---
license: mit
license_link: https://huggingface.co/microsoft/phi-4/resolve/main/LICENSE
language:
- en
pipeline_tag: text-generation
base_model: microsoft/phi-4
tags:
- phi
- nlp
- math
- code
- chat
- conversational
- neuralmagic
- redhat
- llmcompressor
- quantized
- int4
---
# phi-4-quantized.w4a16
## Model Overview
- **Model Architecture:** Phi3ForCausalLM
- **Input:** Text
- **Output:** Text
- **Model Optimizations:**
- **Weight quantization:** INT4
- **Intended Use Cases:** This model is designed to accelerate research on language models, for use as a building block for generative AI powered features. It provides uses for general purpose AI systems and applications (primarily in English) which require:
1. Memory/compute constrained environments.
2. Latency bound scenarios.
3. Reasoning and logic.
- **Out-of-scope:** This model is not specifically designed or evaluated for all downstream purposes, thus:
1. Developers should consider common limitations of language models as they select use cases, and evaluate and mitigate for accuracy, safety, and fairness before using within a specific downstream use case, particularly for high-risk scenarios.

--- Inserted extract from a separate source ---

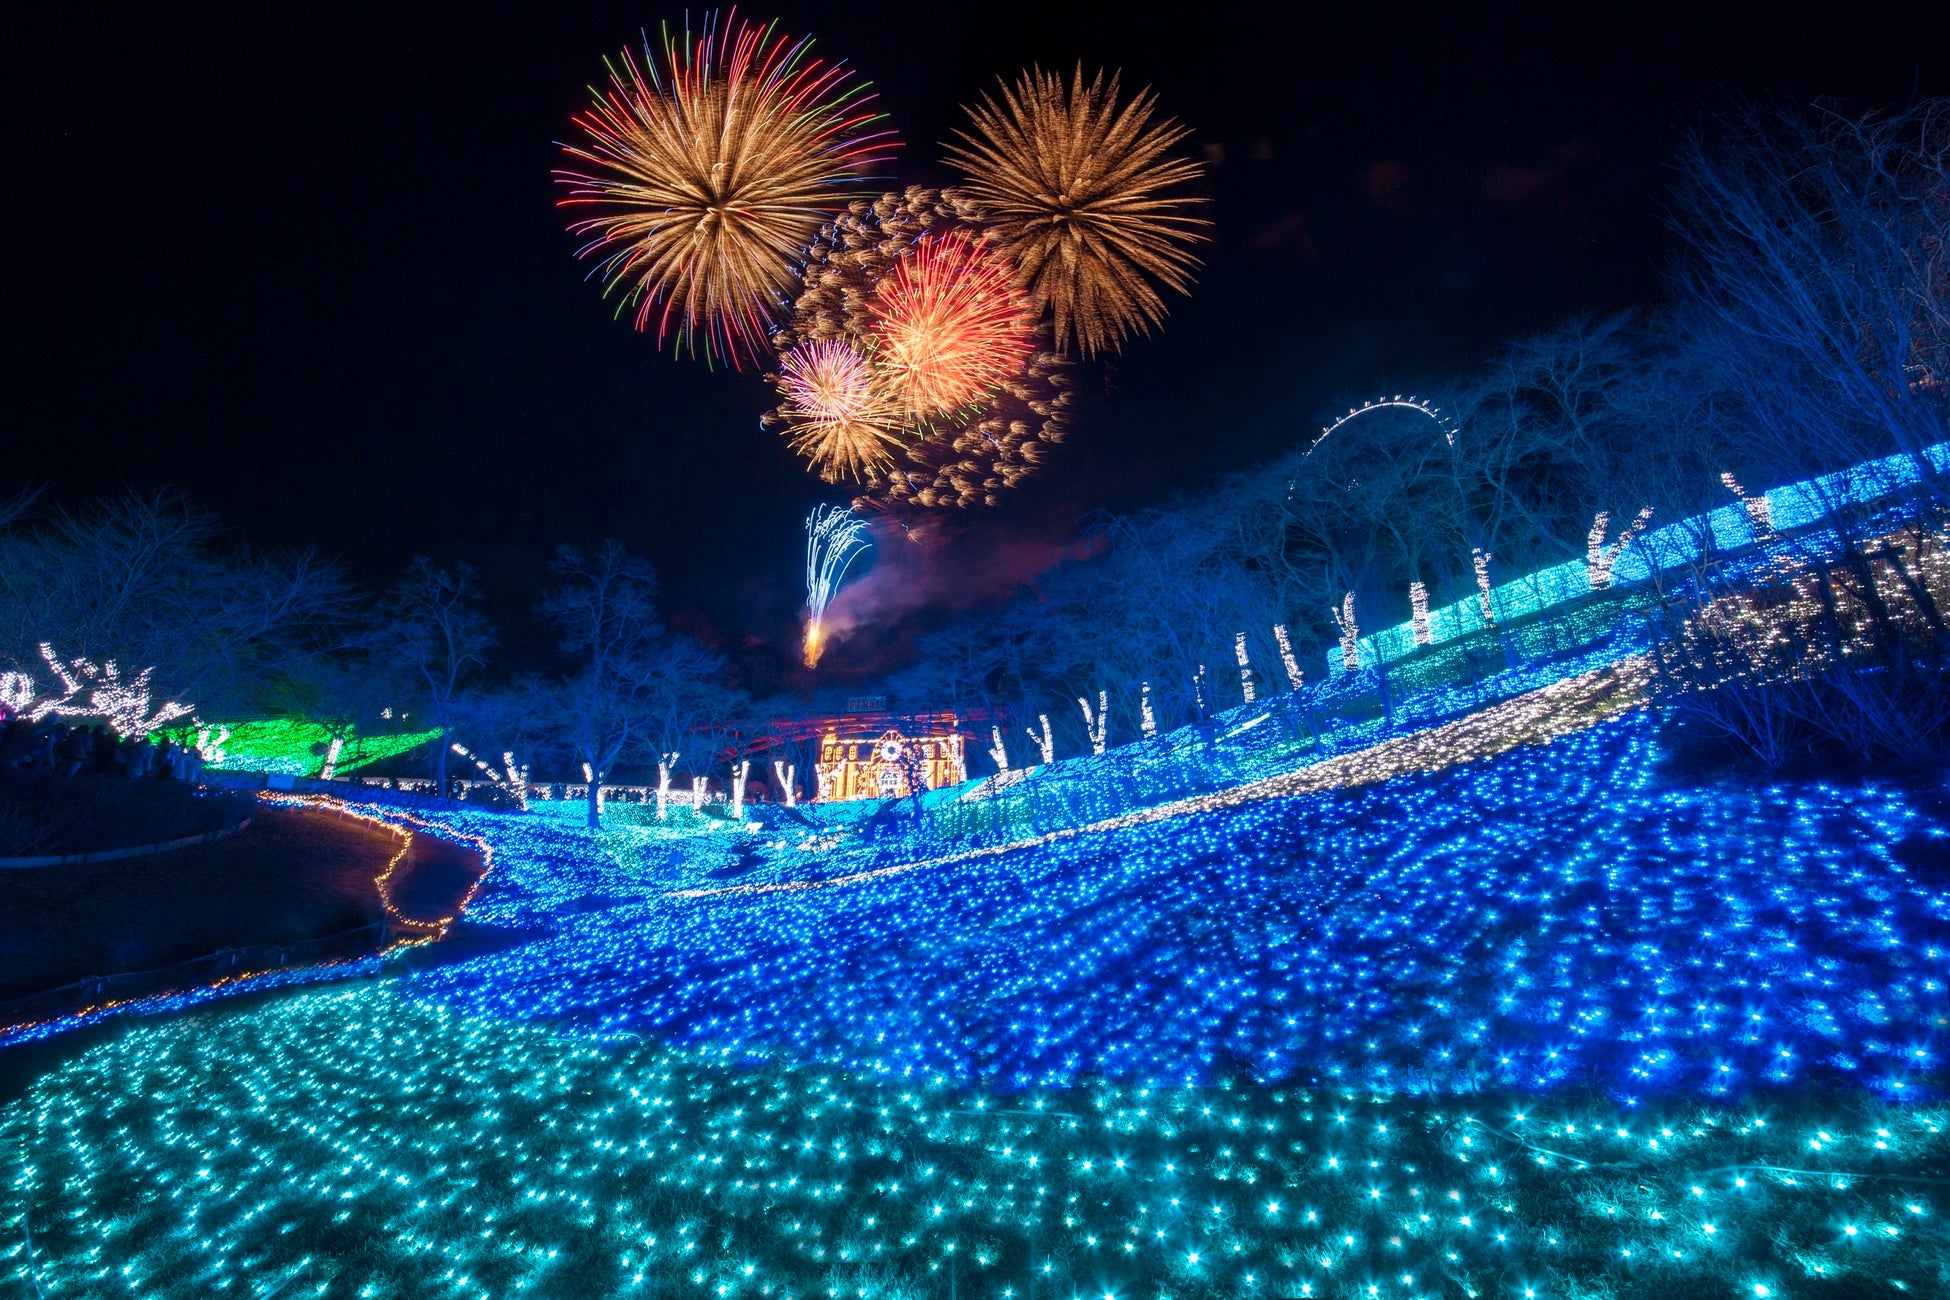 関東三大イルミネーション「さがみ湖イルミリオン」カウントダウンパーティー 2022-2023開催

2. Developers should be aware of and adhere to applicable laws or regulations (including privacy, trade compliance laws, etc.) that are relevant to their use case, including the model’s focus on English.

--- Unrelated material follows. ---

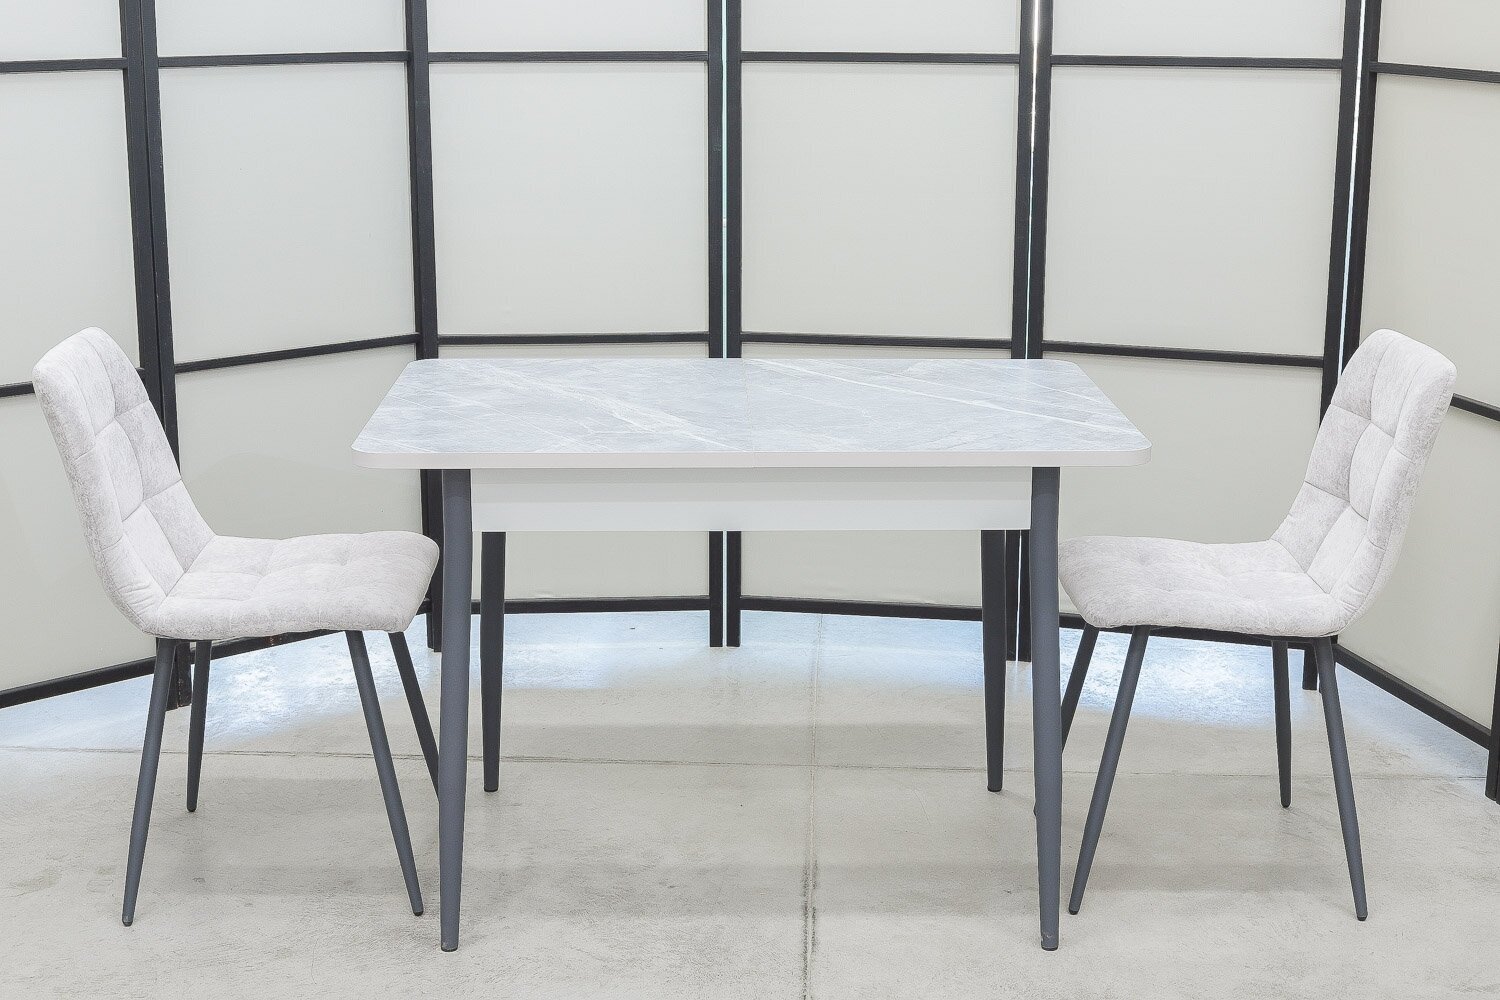 Обеденная группа Ост Дуо, стол термопластик, 110(140)х70 см, обивка стульев антивандальная, моющаяся, антикоготь, цвет светло-серый

3. Nothing contained in this Model Card should be interpreted as or deemed a restriction or modification to the license the model is released under.

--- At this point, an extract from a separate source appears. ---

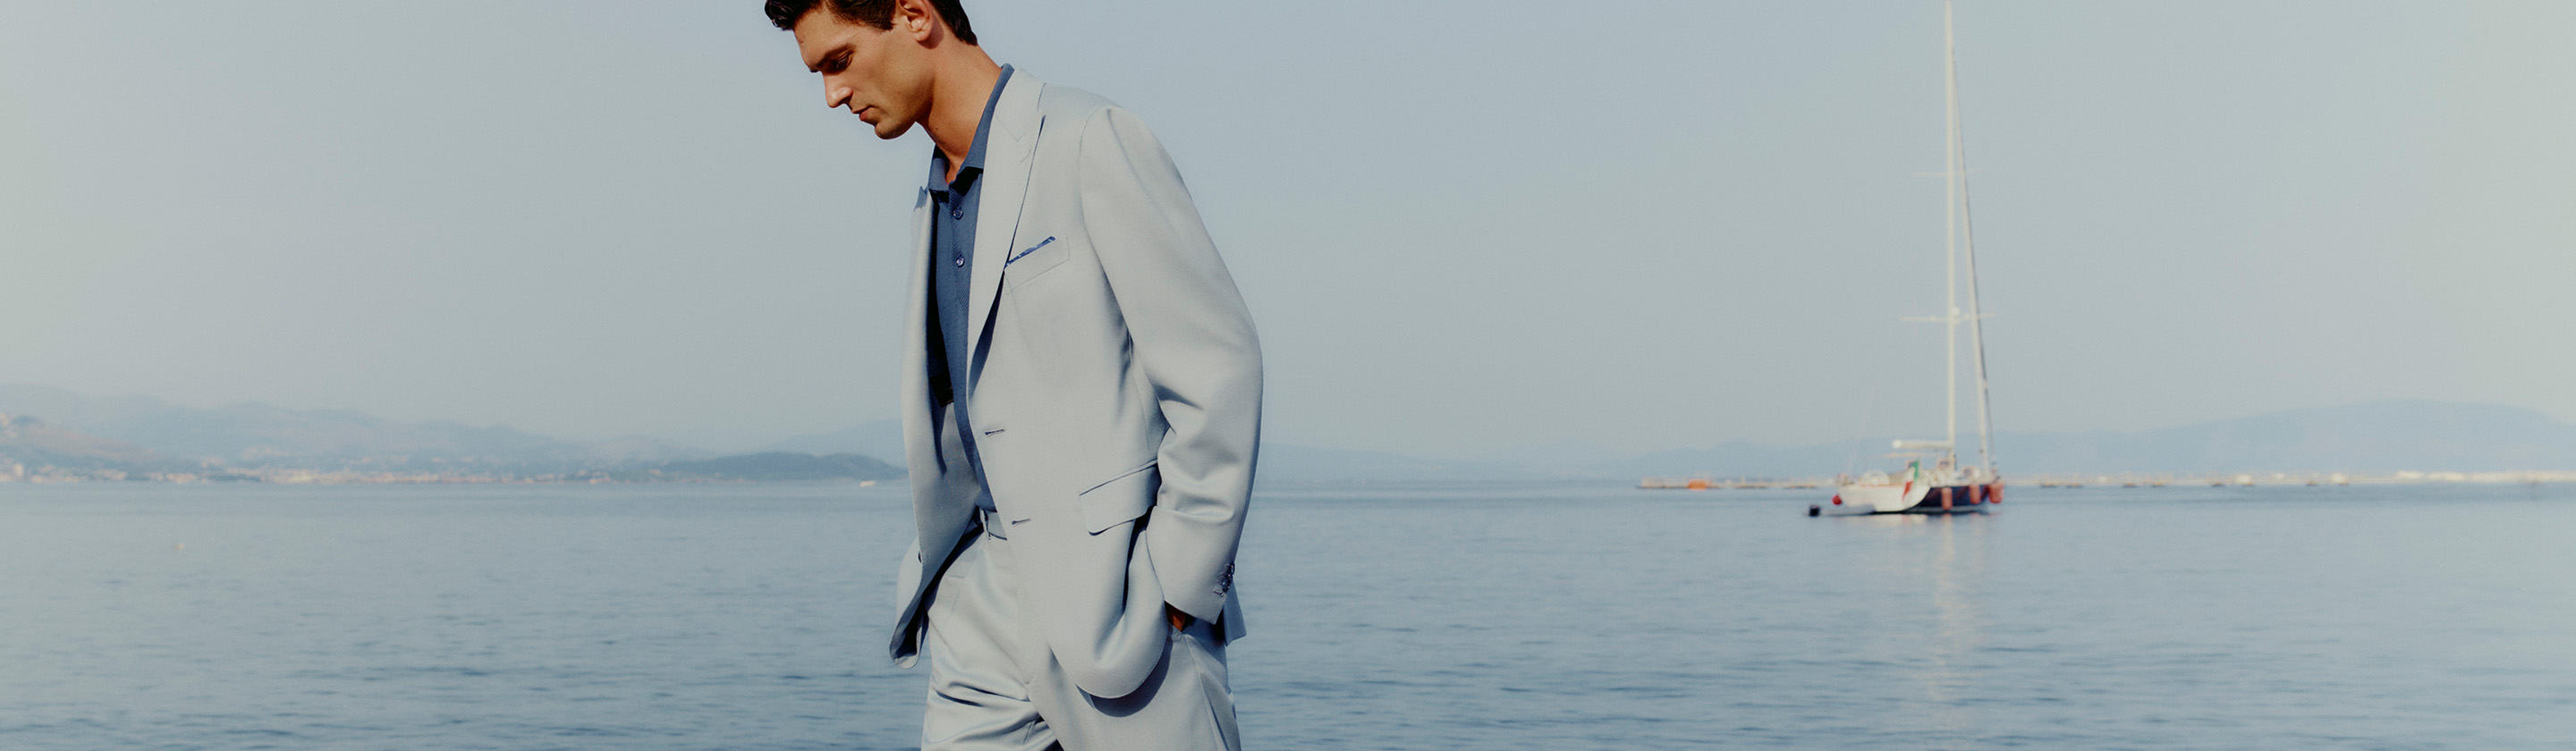 Beach Wedding Attire for Men & Women: Here's What to Wear

- **Release Date:** 03/03/2025
- **Version:** 1.0
- **Model Developers:** Red Hat (Neural Magic)
### Model Optimizations
This model was obtained by quantizing the weights of [phi-4](https://huggingface.co/microsoft/phi-4) to INT4 data type.
This optimization reduces the number of bits per parameter from 16 to 4, reducing the disk size and GPU memory requirements by approximately 75%.
Only the weights of the linear operators within transformers blocks are quantized.
Weights are quantized using a symmetric per-group scheme, with group size 128.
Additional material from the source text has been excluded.